Same series as F11, daily resolution, 2023+ only.

- frequency: Daily
- coverage: 2023-01 → latest

---

## Worked examples

### Current cash rate

```python
await latest("F1.1", series="cash_rate_target")
```

```json
{
  "dataset_id": "F1.1",
  "dataset_name": "Interest Rates and Yields - Money Market",
  "query": {"series": "cash_rate_target"},
  "period": {"start": "2026-05-06", "end": "2026-05-06"},
  "unit": "Per cent per annum",
  "row_count": 1,
  "records": [
    {
      "period": "2026-05-06",
      "value": 3.85,
      "series": "cash_rate_target",
      "series_id": "FIRMMCRT",
      "unit": "Per cent per annum"
    }
  ],
  "source": "Reserve Bank of Australia",
  "source_url": "https://www.rba.gov.au/statistics/tables/",
  "rba_url": "https://www.rba.gov.au/statistics/tables/#f1.1",
  "attribution": "Source: Reserve Bank of Australia. Licensed under CC-BY 4.0 International (https://creativecommons.org/licenses/by/4.0/).",
  "retrieved_at": "2026-05-15T01:14:22Z",
  "server_version": "0.1.10",
  "stale": false,
  "stale_reason": null
}
```

### Multi-currency dashboard

```python
await get_data("F11",
               series=["aud_usd", "aud_eur", "aud_jpy", "twi"],
               start_date="2020")
```

→ Monthly observations for 4 series since 2020.

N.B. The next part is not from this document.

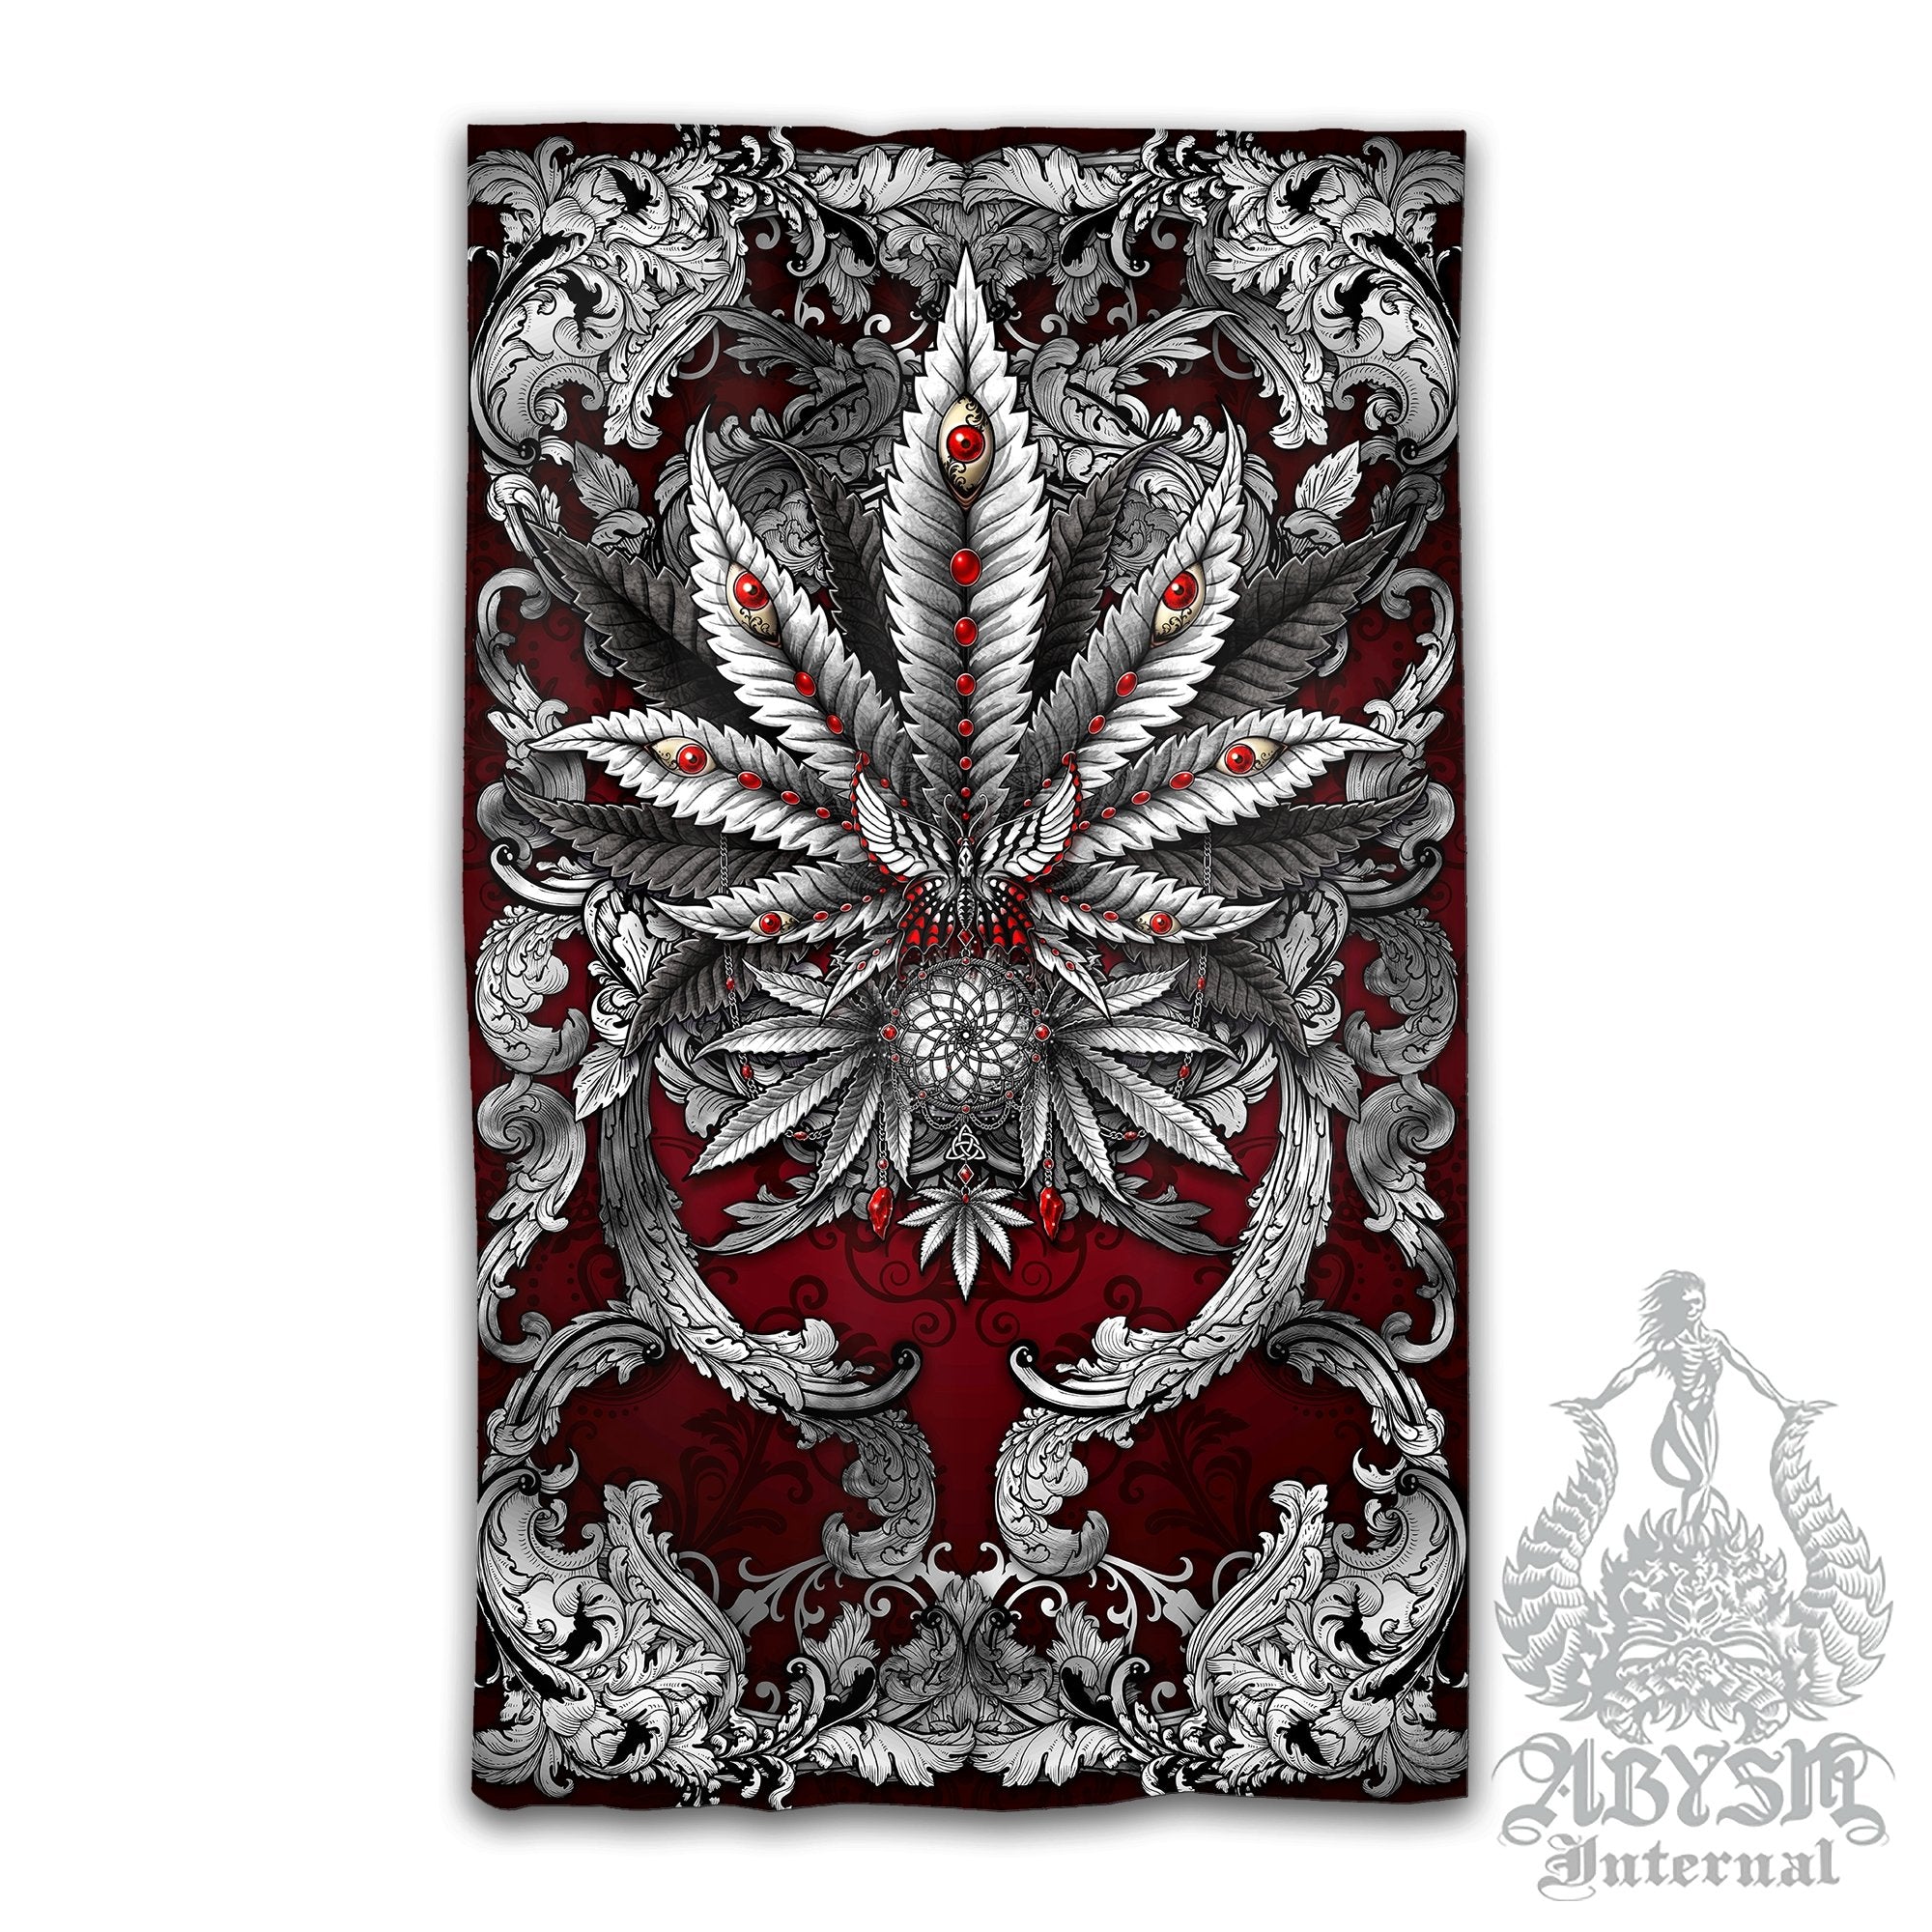 Weed Blackout Curtains, Cannabis Home and Shop Decor, Long Window Panels, Indie 420 Room Art Print - Silver - Abysm Internal

### Discovery flow for unknown topic

```python
results = await search_tables("yield curve")
# → may surface F2 (Government bonds) — not curated; describe_table to see series
detail = await describe_table(results[0].id)
# Pass raw RBA series IDs to get_data for non-curated tables
```

---

## Cross-source pairings

- [abs-mcp](https://pypi.org/project/abs-mcp/) for CPI / unemployment / GDP context alongside cash rate decisions
- [apra-mcp](https://pypi.org/project/apra-mcp/) for ADI capital ratios trend against monetary policy
- [ato-mcp](https://pypi.org/project/ato-mcp/) for tax-by-postcode context alongside mortgage rates
- For the canonical "what's the AU economy doing" set, pair `rba-mcp` (F1.1, F11.1) + `abs-mcp` (LF, CPI, ANA_AGG)

---

## License

rba-mcp server code is MIT-licensed. RBA data carries CC-BY 4.0 International; the attribution is echoed on every response.